What kinds of “my data”

Data are slippery. Not only is it just the digital vs. physical aspect, but pretty much any use of data generates more data. And some is important for different things, most I don’t care about. I remember in the mp3 era when people were concerned about making copies of songs that would prevent CD sales, but that was at least tangible in that an mp3 was a single song that you could listen to and had a sort of real world analog that let us approximate value. So a lump of mp3 data became worth $1 and if I bought it, I owned it and could think about a collection of items. Of course, $1 is kind of arbitrary and maybe it could be $2 or some other amount, but at least it’s something specific with a rationale and market behind it. I don’t actually agree with this valuation, but use it here because some people do in that they sell and buy songs around this amount.

But what is the value of this markdown file? It’s not zero, but maybe it’s near-zero, or only near-zero to me. It’s valuable enough to me that I want to pay to host it, and I’ll back it up so it’s still around in 10 years.

I think there’s three kinds of data that are mine:

  1. Data I’ve bought and at least has a specific value from some point in time
  2. Data I’ve consciously created and has some value to me
  3. Data created indirectly by me doing stuff

What kind of data is Chrome Sync?

So I guess my config data from Chrome is a mix of #2 and #3 since it’s bookmarks I’ve made, passwords I’ve saved, but it’s also browsing history, cookies, caches, etc. that are made by me, but not really consciously.
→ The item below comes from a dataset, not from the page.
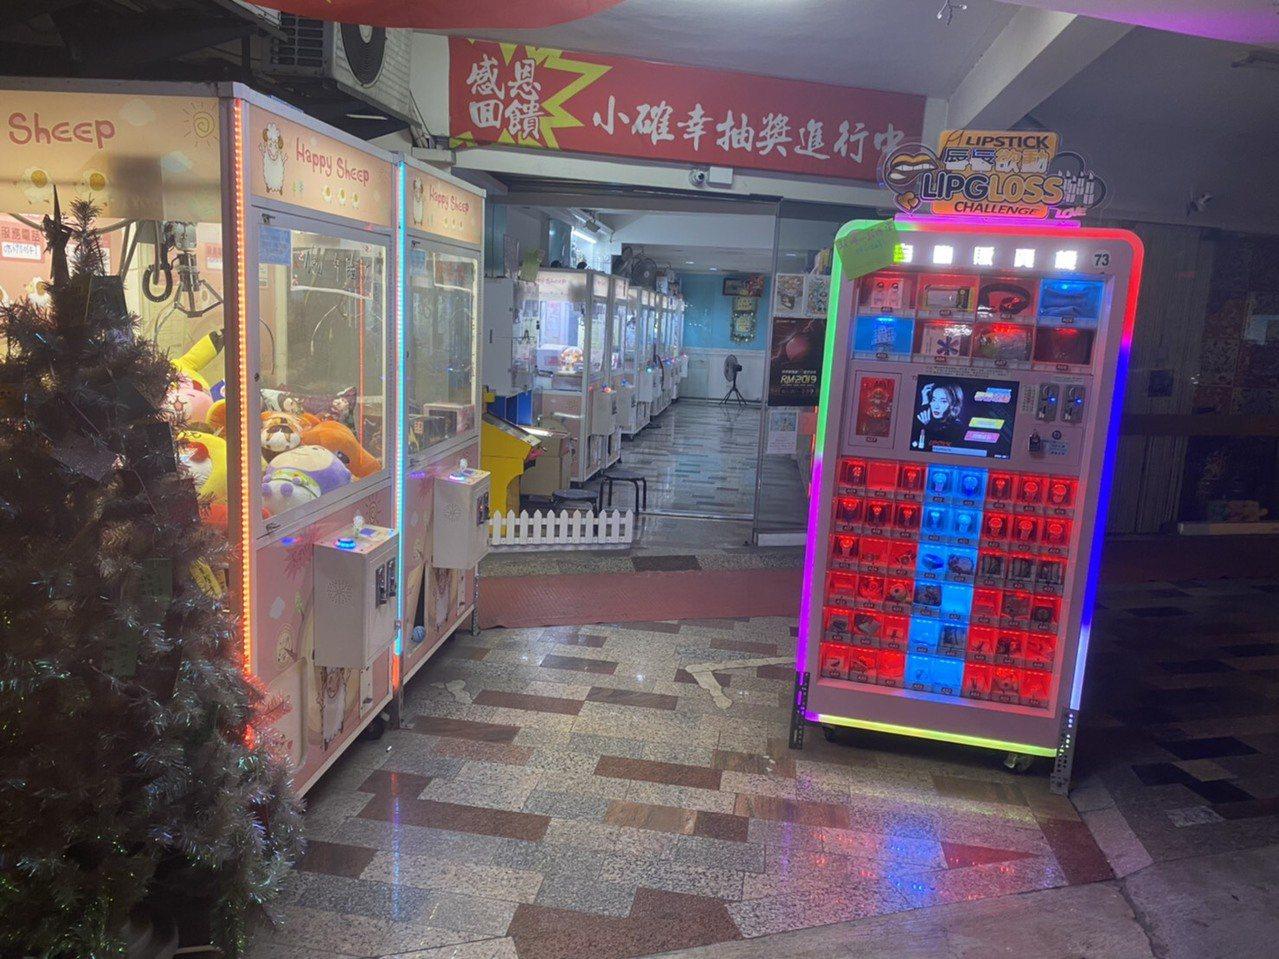 台南市北區娃娃機店兌幣機鎖頭遭人破壞,造成業者損失,警方展開調查。記者黃宣翰/翻...

I may not even know what exists specifically, but I want it safe and don’t want it used against me.

According to Google’s privacy pages, these data are mine, but there’s also more data created by Google related to me that’s not mine. So I guess Sync data are mine and Google’s. And I don’t think this is unique to Google and I expect every other web site and remote system does the same. I should point out that this isn’t a criticism of Google and if anything they are at least conscientious about how they manage data and what they do with it.

This seems like there’s a fourth kind of data where it’s not actually mine, but it’s about me. I assume it’s stored tied to my account, or my IP, or something else that makes it mine and not someone else’s. So these data would be subject to initiatives like Right to be Forgotten through GDPR or other laws. I think GDPR calls this “personal data” and it seems similar to what I would get if I used Google Data Liberation Front’s Takeout service (a great example of how Google thinks about data pretty generously).
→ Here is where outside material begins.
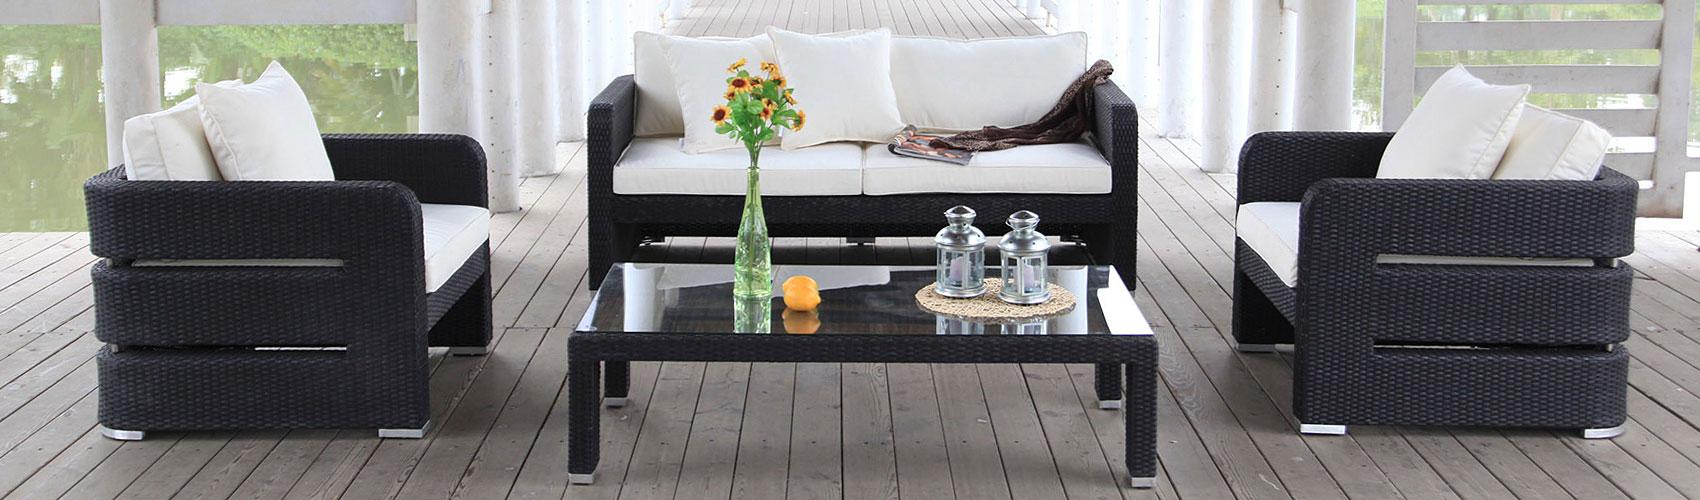 Poly-Rattan Lounge kaufen - Rattan Gartenmöbel

So I can get my data from Chrome Sync through Google Takeout, but not by real-time using their API into any client I want.
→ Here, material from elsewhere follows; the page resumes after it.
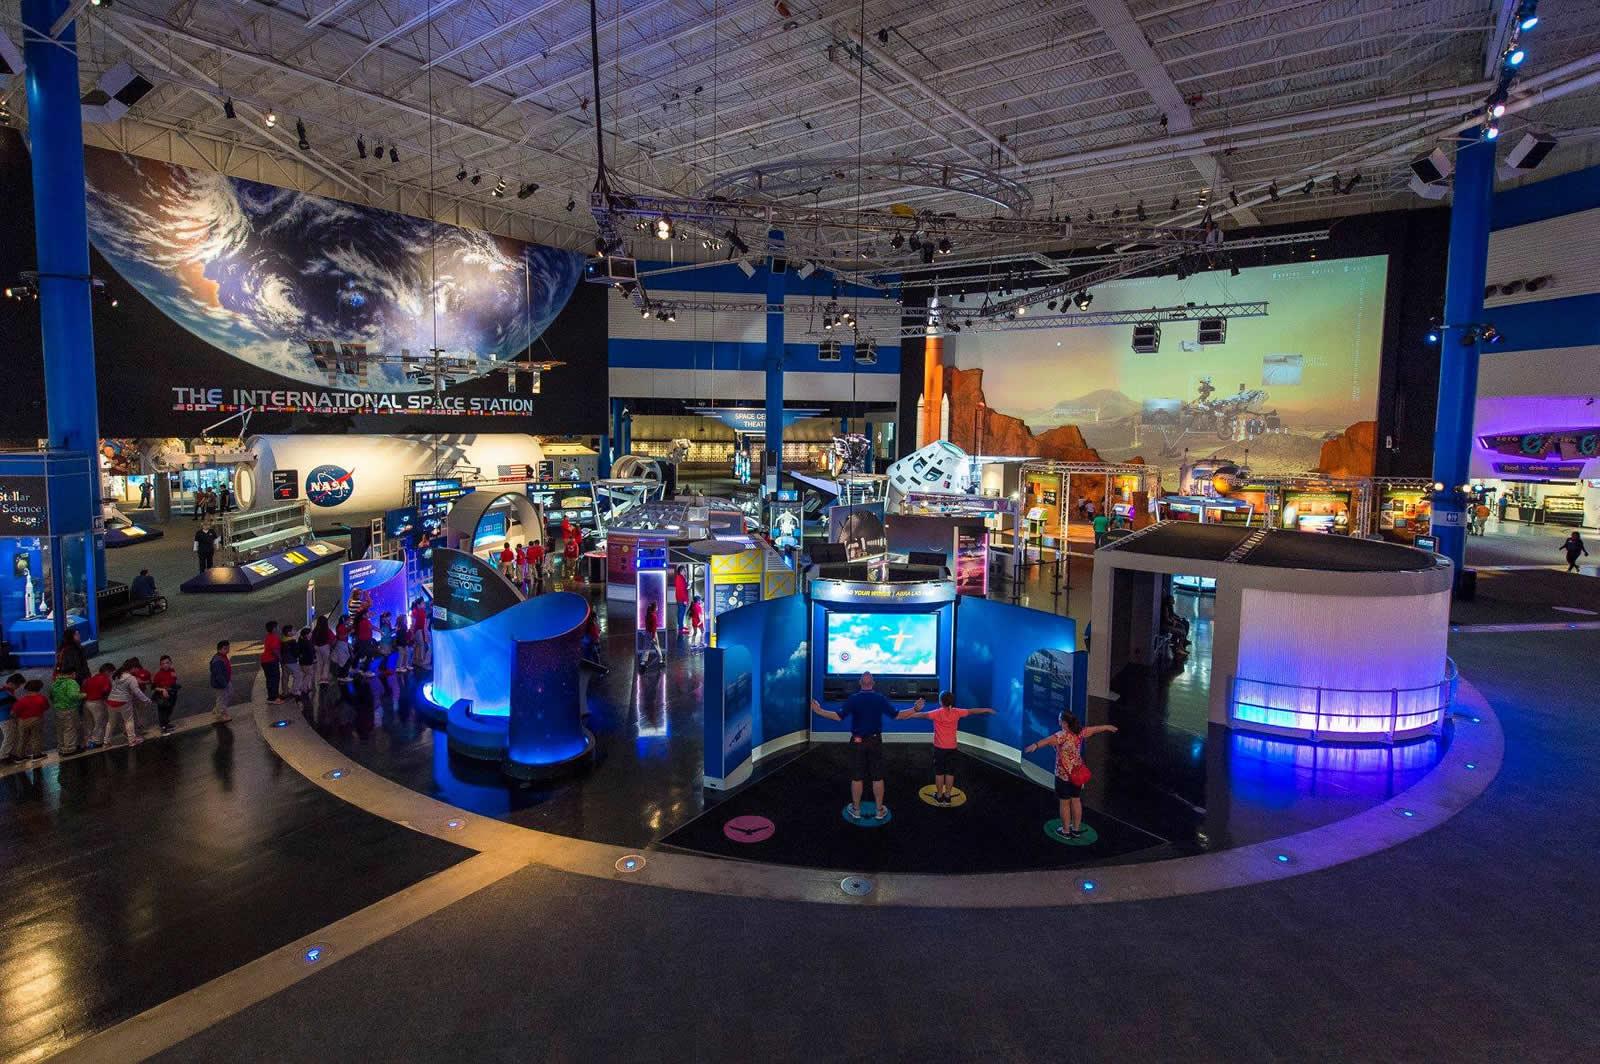 Trung tâm vũ trụ NASA

Accessibility is Important

Practically speaking, I assume that any data that leaves a system under my control is copied forever and used to the extent of its value to someone. While it’s cool that companies operate legally, I’m not quite sure what the legal limit is for how my data can be used. And I’m pretty sure that any of my data can be “anonymized” and sold in many ways. So I mentally figure that “possession is nine-tenths of the law” and that anyone with my data will either eventually use it a way that I don’t approve, or it will leak to someone who will use it in ways I don’t approve.

I don’t depend on any remote data without backups and backups of those backups, but in this case if I want the data that I’m storing with Google, I can’t get it in the way I want. I can only get it in the way they want, and while it’s weird that they will only allow API access from me to my data from certain programs, I guess that’s their prerogative. So makes me not want to use them for important things.

This means that I not only need to know what’s mine, but I need to be able to access it and get to it in the format and medium that I reasonably prefer (ie, print out in RDF fedexed to me != unreasonable, small jsons over https == reasonable).

What if I am data?

I like to read science fiction and particular like Greg Egan’s books, particularly Diaspora and Permutation City. These books deal with digital consciousness and simulated consciousness. I know it’s a bit reductio ad absurdum, but for arguments, I like to think of the end consequences of what this means. Using scenarios like if in the far future, when I’m running in a computer, data rights become much more important. If I had my druthers, I’d want to run all the systems so I can guarantee integrity, but I’m guessing running a human will be pretty resource intensive and if it comes down to no consciousness or running in some shared cloud space, some will choose the cloud.

It seems like a bad thing if cloud vendors can choose to not allow I/O unless there are specific programs they want me to use. Will I be forced to run Chrome for my consciousness to remember what links I’ve clicked on? My kid frequently asks for root access to install “cheat blocker” software for games, will I only be allowed to access my data if I run special software (that just so happens to make money by showing ads).

Black Mirror's San Junipero Giant Computer Installing New Consciousnesses

Black Mirror had an episode called San Junipero where people were stored and lived digitally. That seems like a cloud data scenario, so now I’m thinking of what kind of data use agreement I would require signing before I would upload. That’s probably the most important data use agreement I can think of.

Roles and Responsibilities

Sometimes I have to work on creating data use agreements. It’s hard and makes me really appreciate lawyers and ethicists and all the people who professionally work on this stuff to try to make it as good as it can be.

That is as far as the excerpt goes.